■ **Work item**:
Could you give again exactly, and only, the lines from the one holding "It is with deep" through the end of the data, both ends included, with pictures left out?

■ **Available data**:
* * *

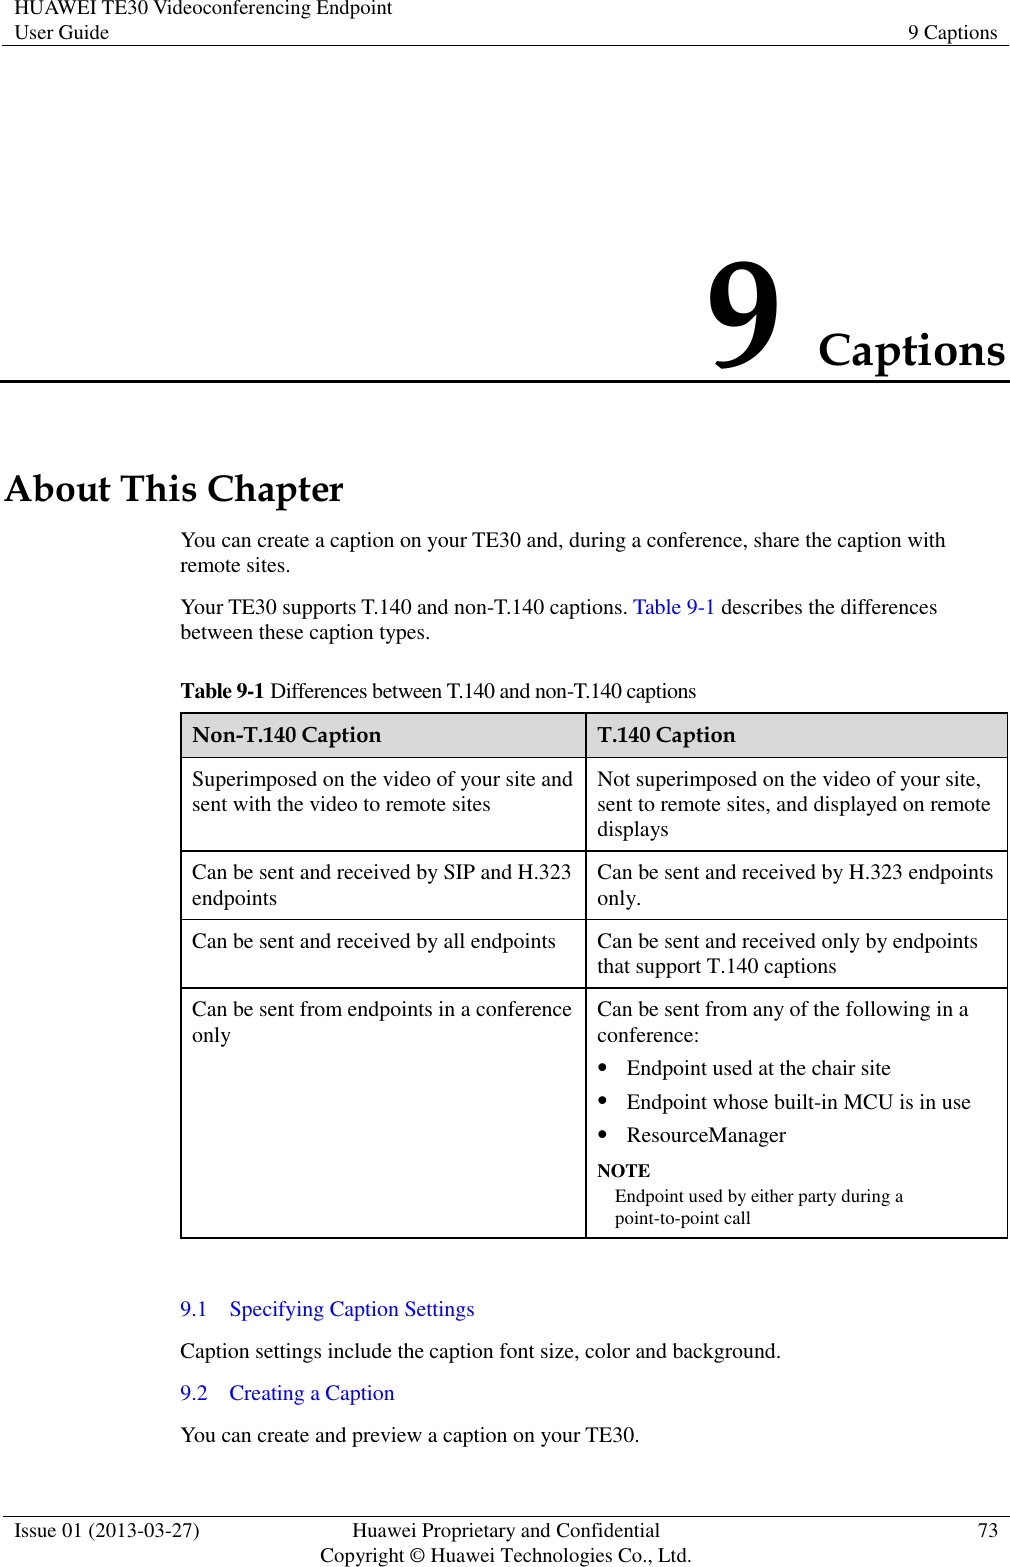 HUAWEI TE30 Videoconferencing Endpoint User Guide 9 Captions  Issue 01 (2013-03-27) Huawei Proprietary and Confidential                                     Copyright © Huawei Technologies Co., Ltd. 73  9 Captions About This Chapter You can create a caption on your TE30 and, during a conference, share the caption with remote sites. Your TE30 supports T.140 and non-T.140 captions. Table 9-1 describes the differences between these caption types. Table 9-1 Differences between T.140 and non-T.140 captions Non-T.140 Caption T.140 Caption Superimposed on the video of your site and sent with the video to remote sites Not superimposed on the video of your site, sent to remote sites, and displayed on remote displays Can be sent and received by SIP and H.323 endpoints Can be sent and received by H.323 endpoints only. Can be sent and received by all endpoints Can be sent and received only by endpoints that support T.140 captions Can be sent from endpoints in a conference only Can be sent from any of the following in a conference:  Endpoint used at the chair site  Endpoint whose built-in MCU is in use  ResourceManager NOTE Endpoint used by either party during a point-to-point call  9.1    Specifying Caption Settings Caption settings include the caption font size, color and background. 9.2    Creating a Caption You can create and preview a caption on your TE30. 
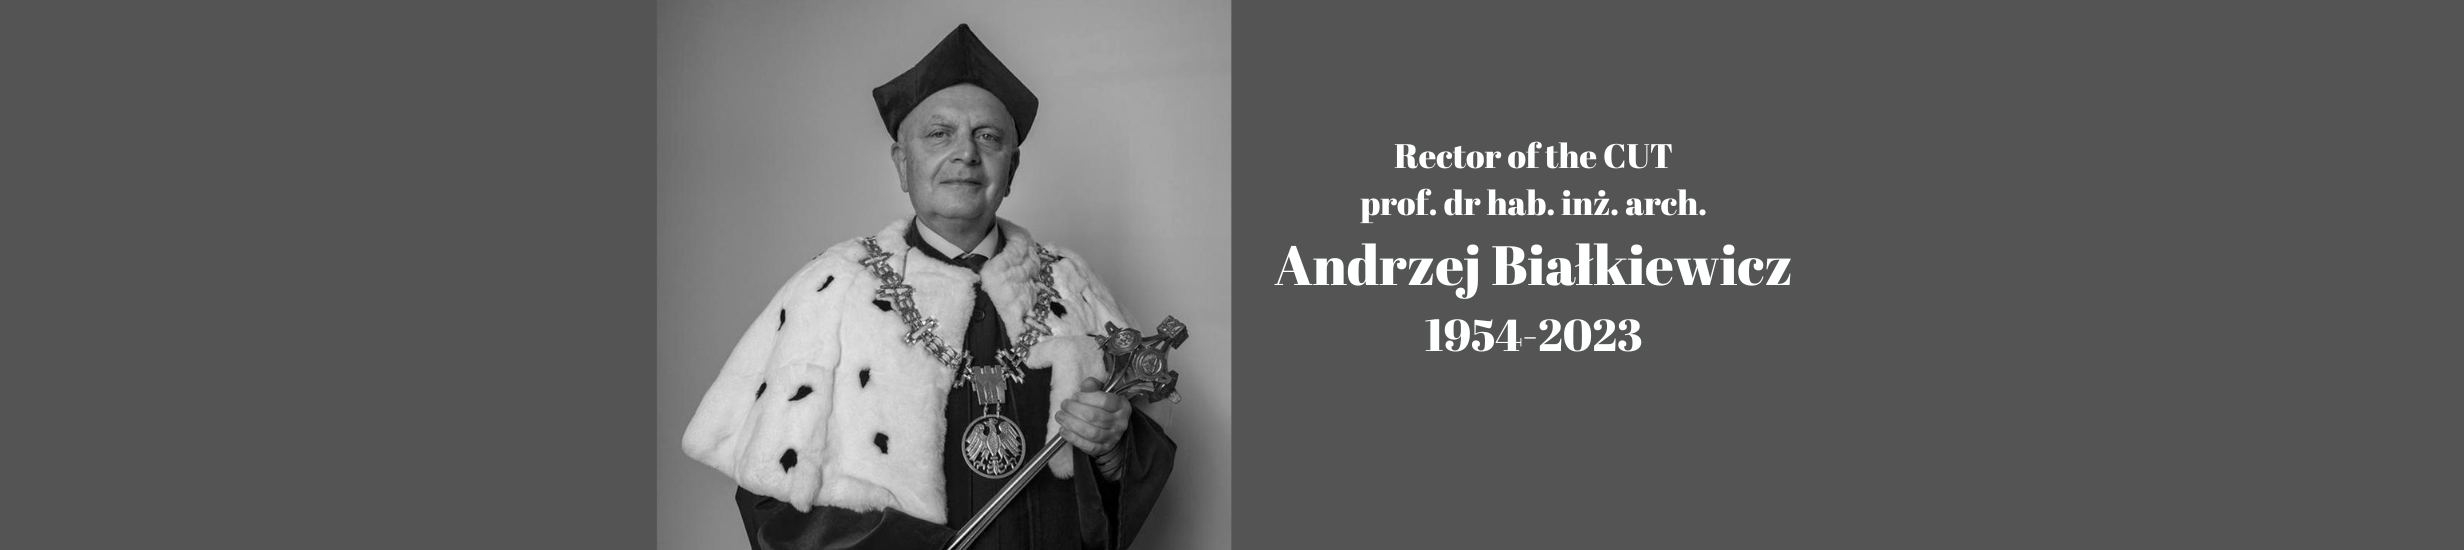 It is with deep regret that we announce the death of prof. dr hab. inż. arch. Andrzej Białkiewicz, Rector of the Cracow University of Technology
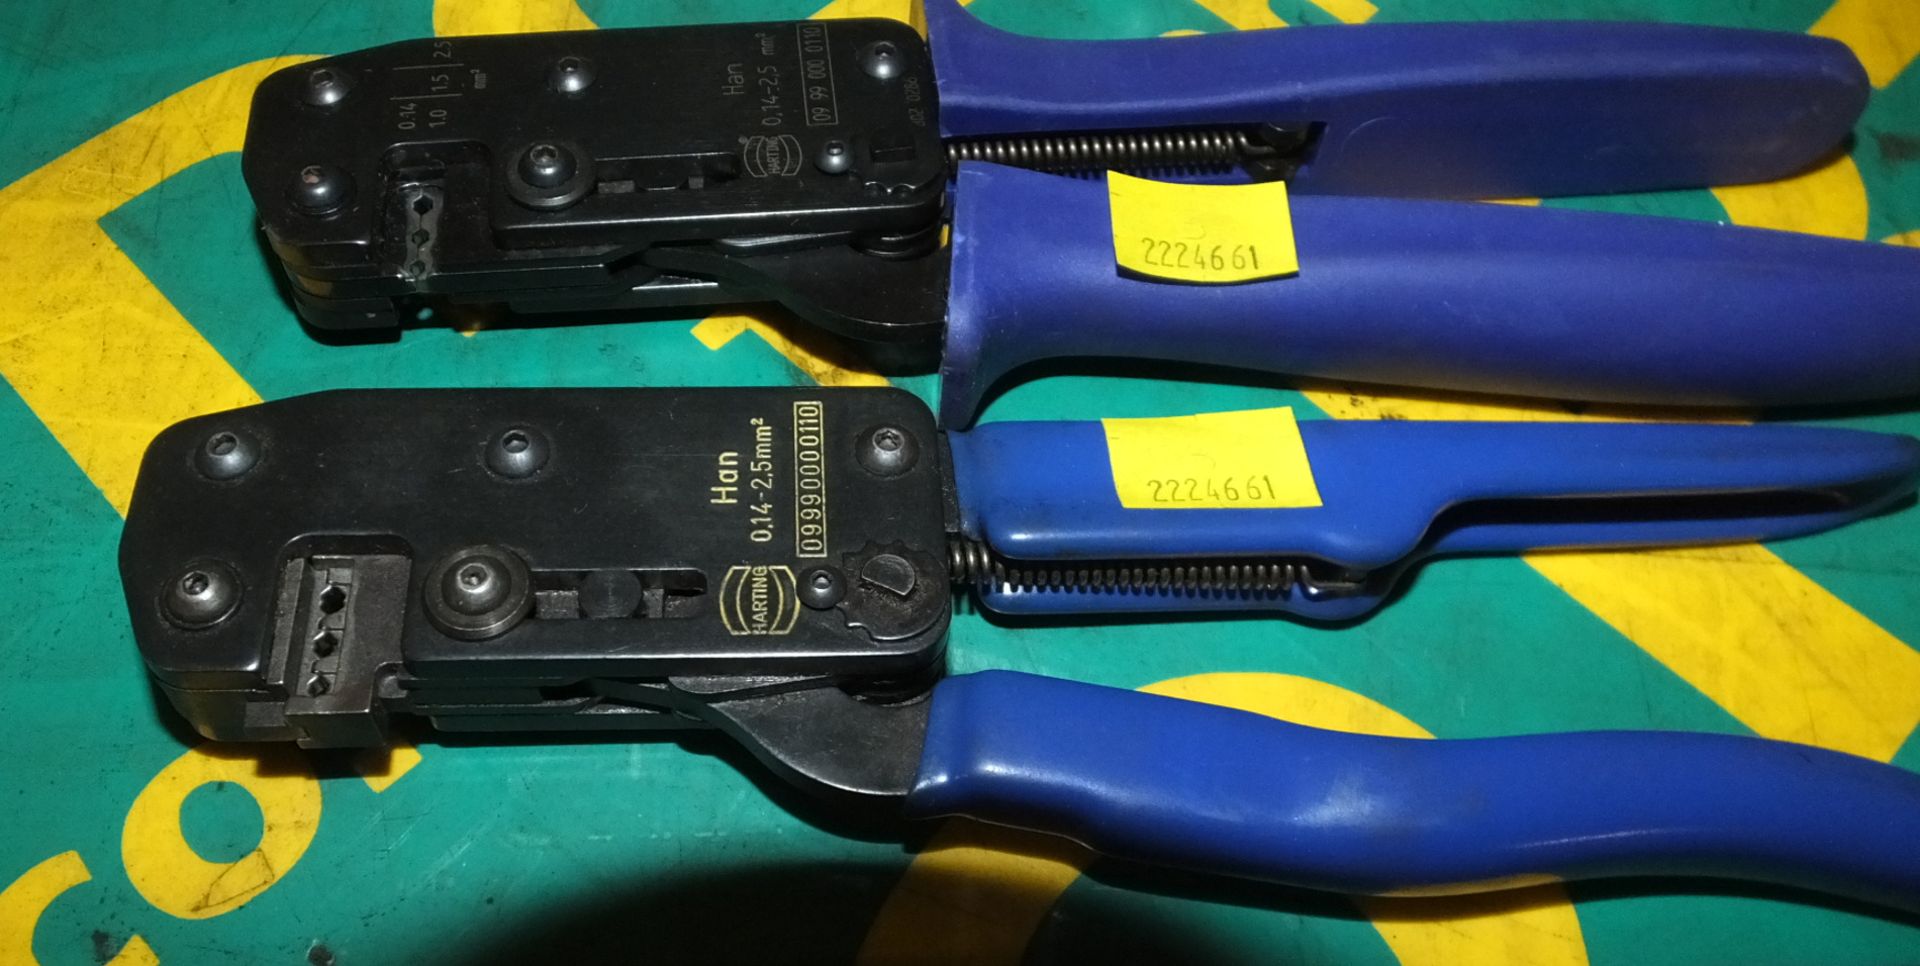 4x Harting 0,14-2,5mm Crimping Tool - Image 3 of 3

* * *

■ **Response for this exercise**:
 It is with deep regret that we announce the death of prof. dr hab. inż. arch. Andrzej Białkiewicz, Rector of the Cracow University of Technology
 4x Harting 0,14-2,5mm Crimping Tool - Image 3 of 3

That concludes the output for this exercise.